Just looked into this and found the following:
According to this issued in 2002_ http://pediatrics.aappublications.org/content/109/6/e98

Metamizole (Nolotil), or dipyrone, is a pyrazolone nonsteroidal antiinflammatory agent.1 It has been associated with fatal agranulocytosis and was withdrawn from the US market by the US Food and Drug Administration in 1979.1
Because metamizole has been banned in the United States for more than 2 decades, most practicing physicians may be unfamiliar with the medication and its side effects.

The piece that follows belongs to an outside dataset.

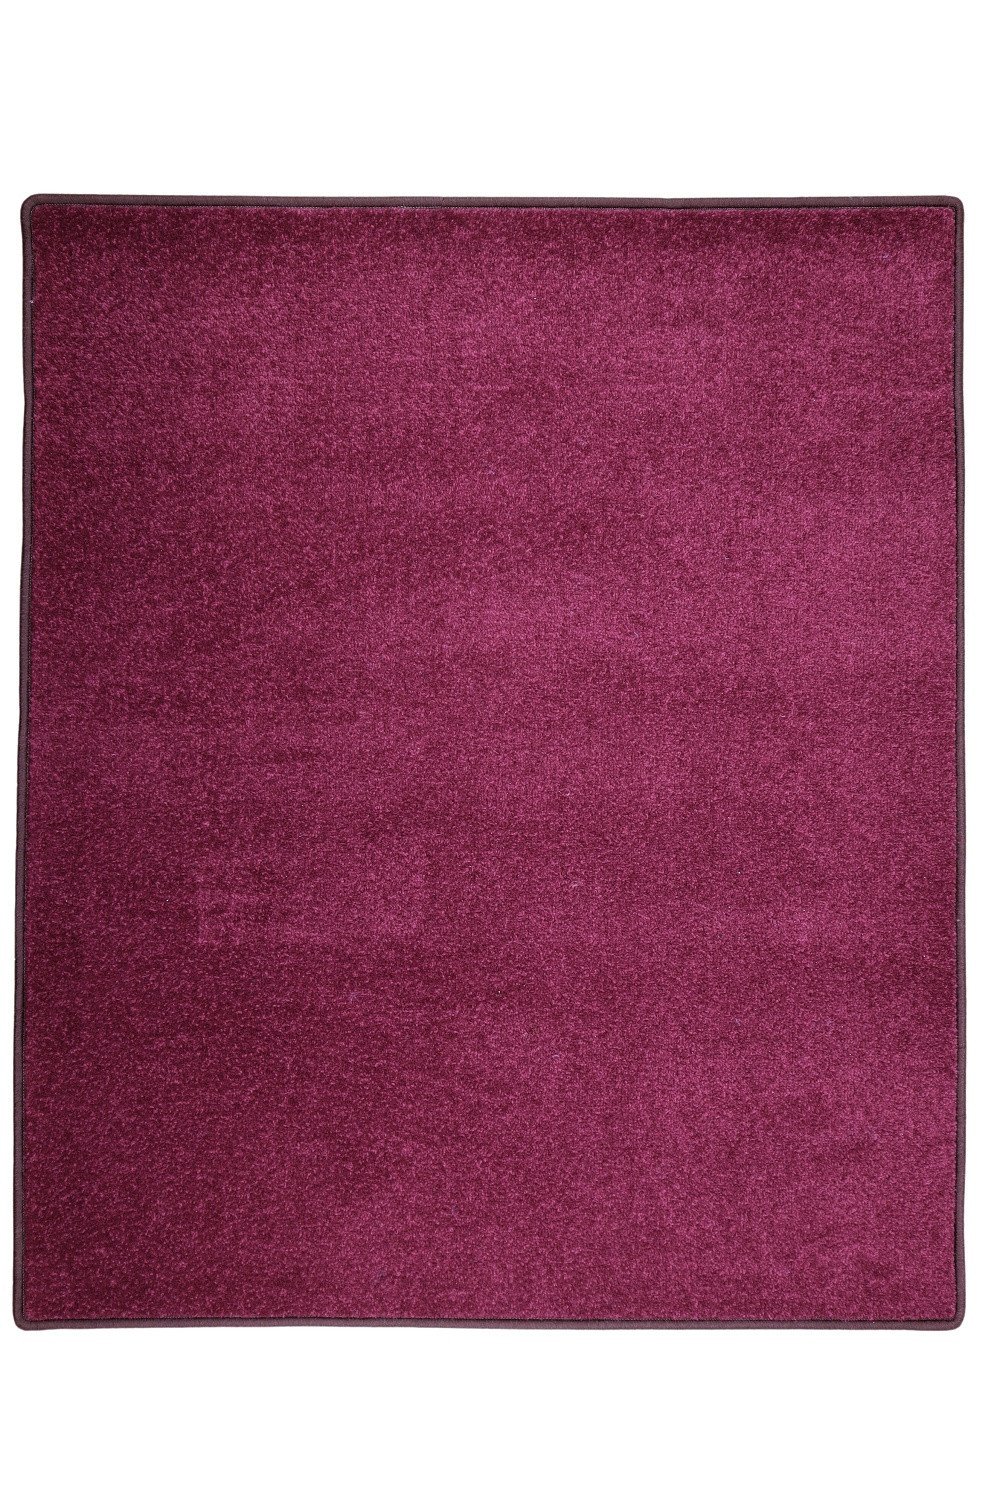 Kusový koberec Eton fialový 48 - 57x120 cm Betap koberce
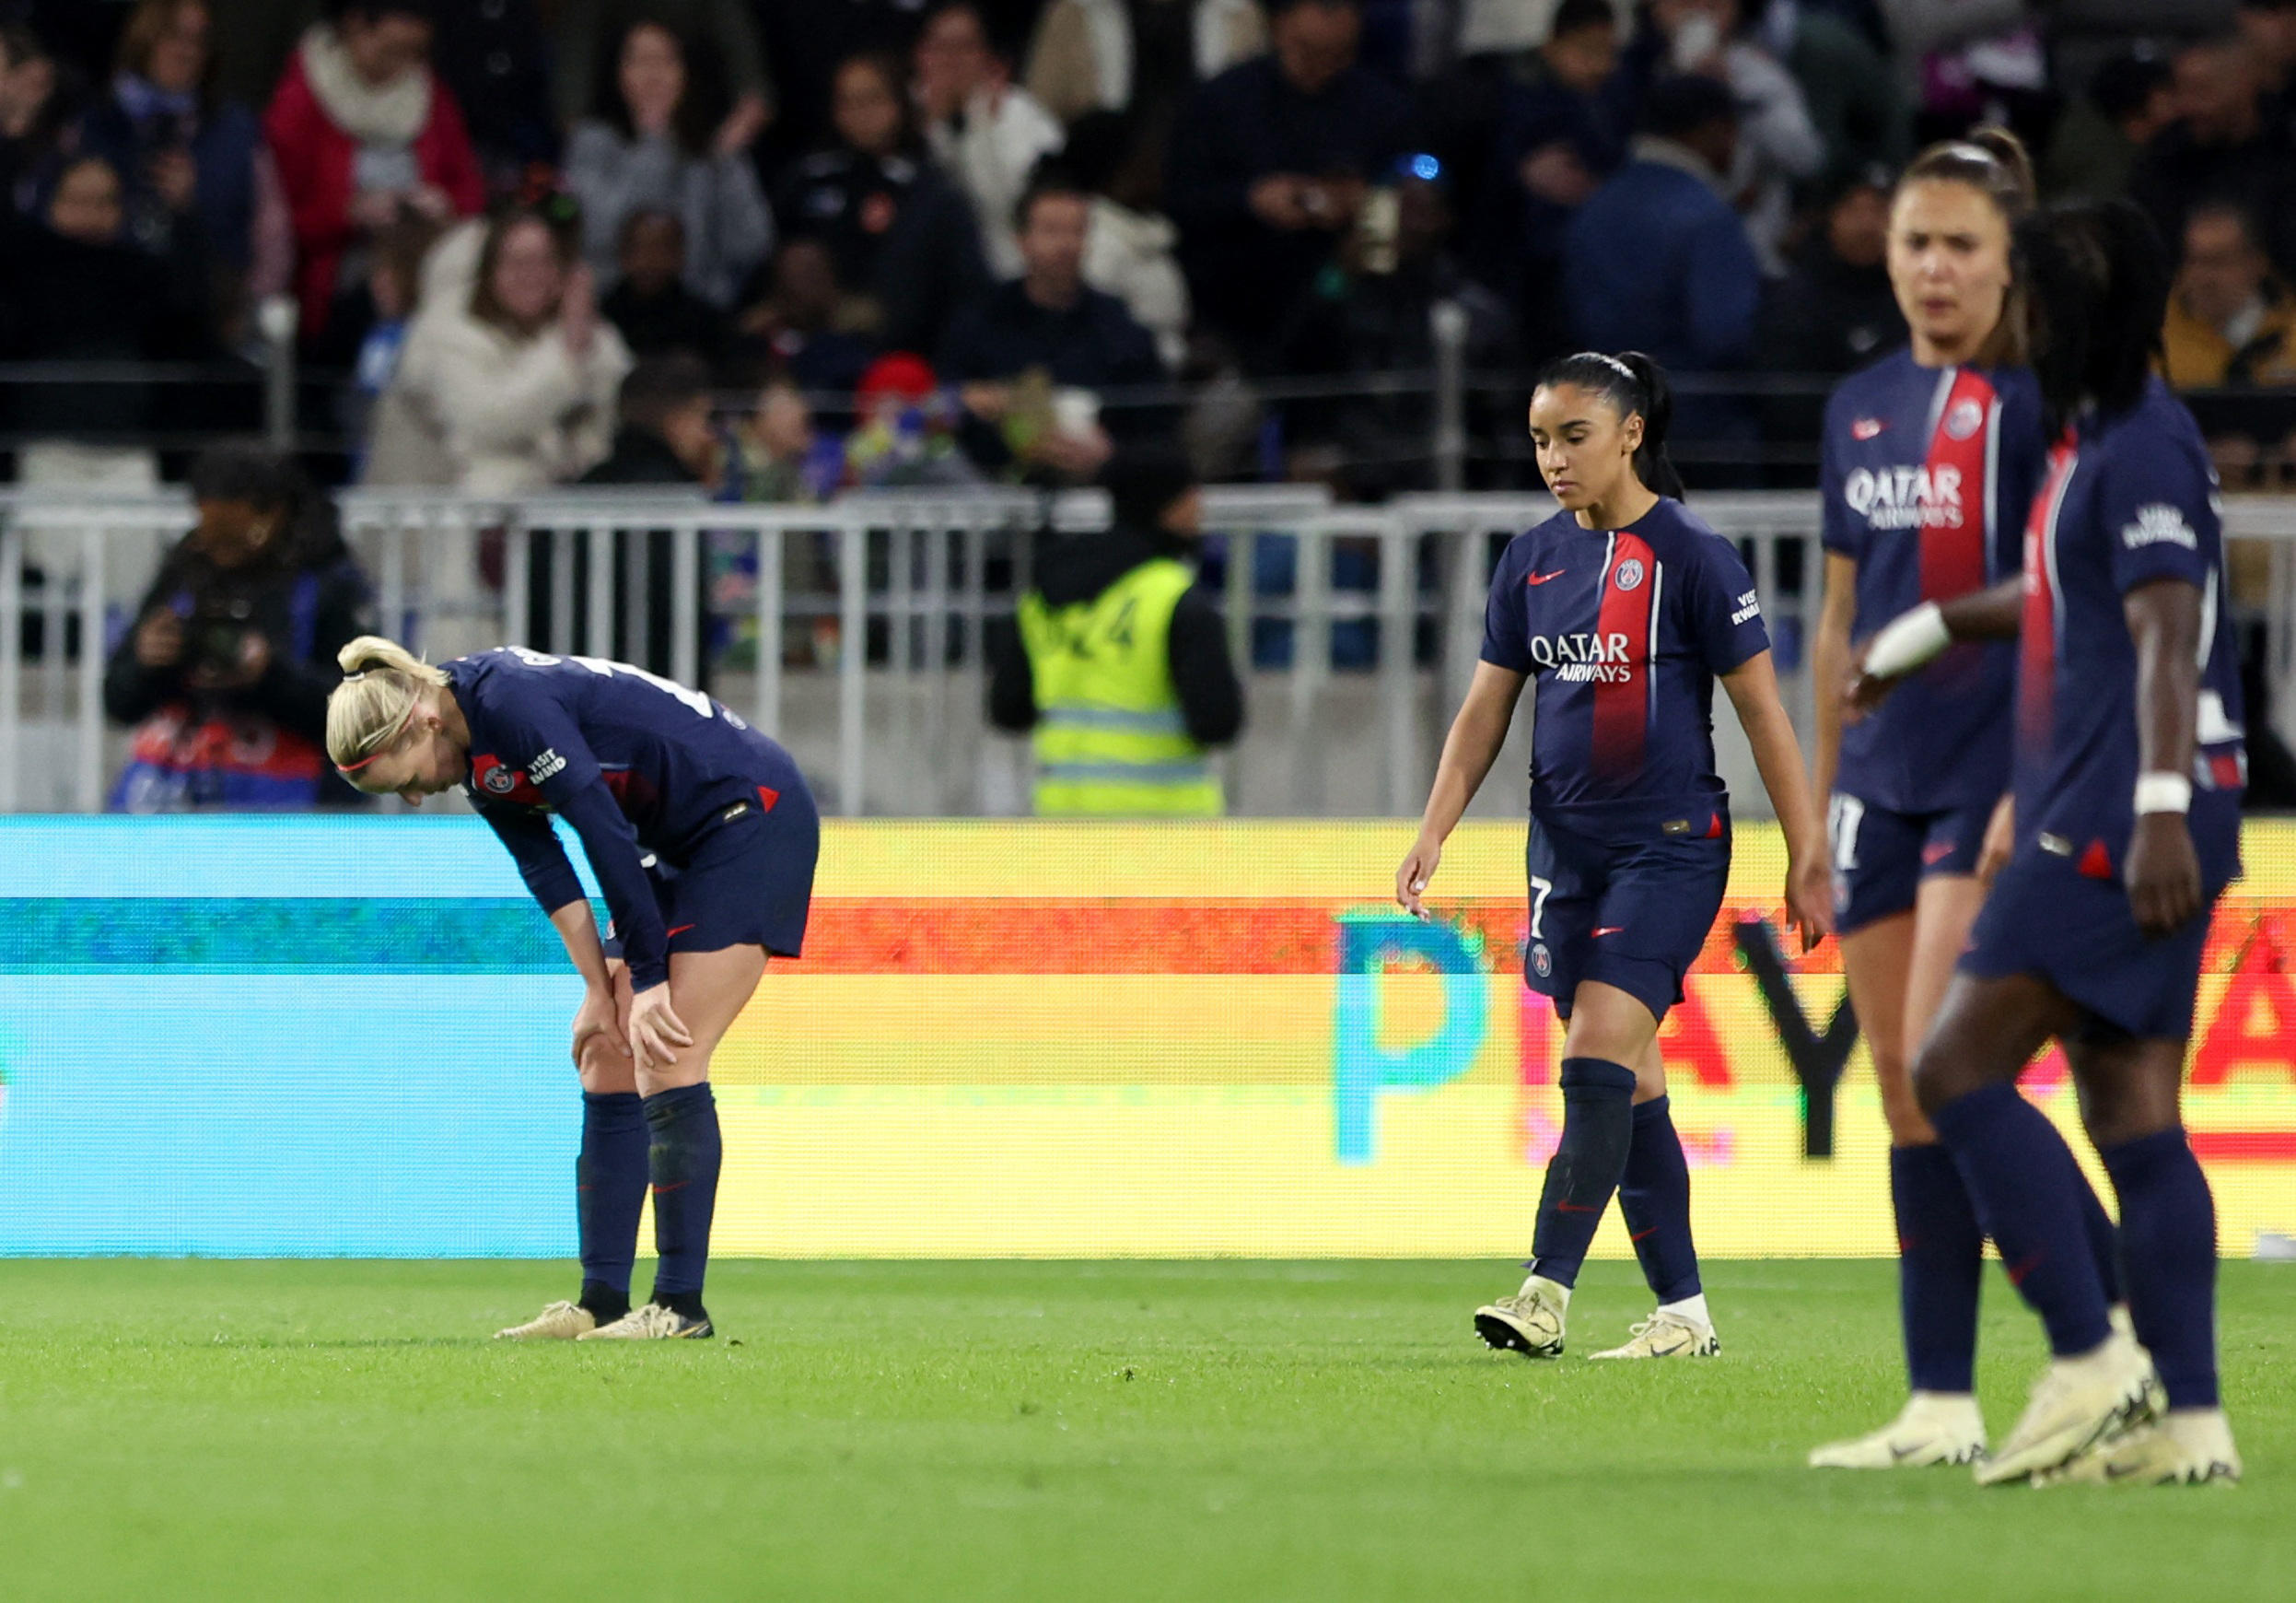 La déception des Parisiennes après le retournement de situation en fin de match. (Manon Cruz / Reuters)

The mortality rate associated with metamizole-induced agranulocytosis ranges from 24% to 32%
Metamizole has been banned in the United States, Canada, Japan, and many European countries but continues to be sold in Latin America, Africa, and Asia.
Health care providers must be aware of the dangers of metamizole and inquire about its use in immigrant patients. Public health entities must be vigilant regarding the sale of illegal medications in their communities.

Perhaps someone with sufficient medical expertise can advise, does this mean that the level of risk associated with this drug now requires urgent re-evaluation?